For this reason, consider extending the thread pool interface such that tasks can be submitted to the pool that don't return futures on which the user would have to call future_free(). Instead, the corresponding internal objects are deallocated by the thread pool as soon as the task has been processed. Note the analogy to pthread_detach()/pthread_join().

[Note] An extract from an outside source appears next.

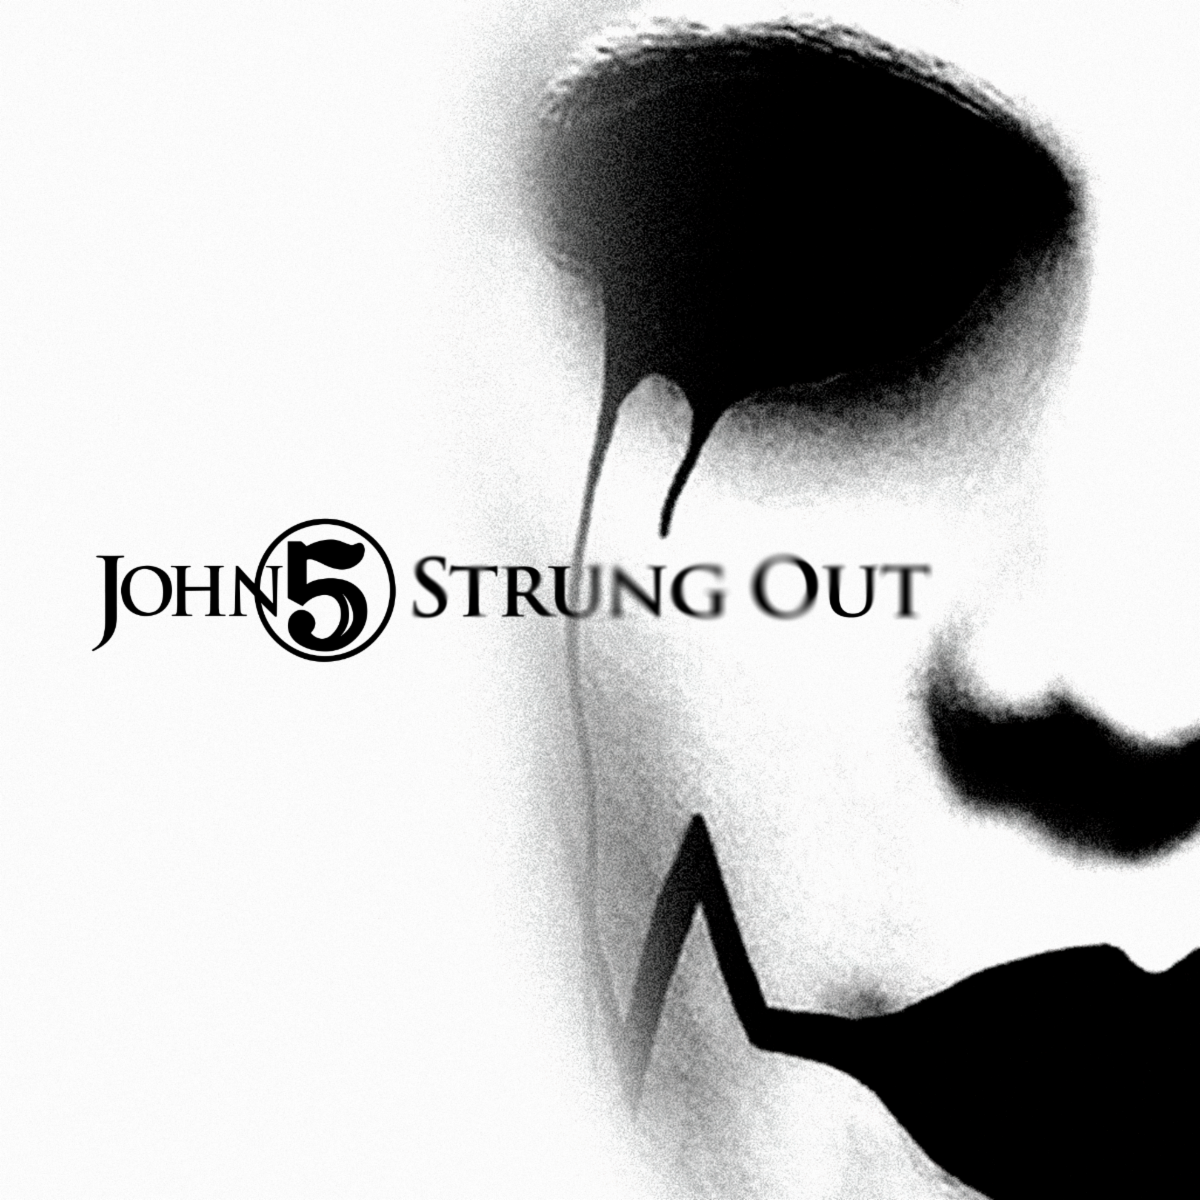 JOHN 5 "Strung Out" Playthrough Video Launches Today

How does the query string syntax work?
If a web page contains a form such as this one:

Enter callback:

which uses this HTML:
```
<form method="get" action="http://cs3214.cs.vt.edu:9011/loadavg">
                    <input name="nocallback" value="false" type="hidden"></input>
    Enter callback: <input name="callback"></input>
                    <input type="submit"></input>
</form>
```
then when the user clicks 'Submit', the browser will bundle up the form data as a series of argument=value pairs that occur in the query string (after the ?) of the request. Try it out. For more information, see here and here. If additional arguments are provided, servers usually ignore them. This provides for greater robustness when the assumptions made in the created HTML form page and on the server have diverged. For instance, users may have created HTML pages before a particular field was deprecated,
Which functions can I use to parse the query string?
strtok_r() is a possible function to parse, as shown in queryparsing.c
The test harness times out, even though I can start my server just fine on the command line.
The test harness will create a TCP connection to your server, but will close it without sending anything (no HTTP request), just to test whether your server started successfully. Tests will start subsequently if this connection was successful. If you server crashes because a client closes a connection without sending anything - which it mustn't - you may experience this situation for all tests. Recall that read() return 0 signals a connection having been closed by the peer.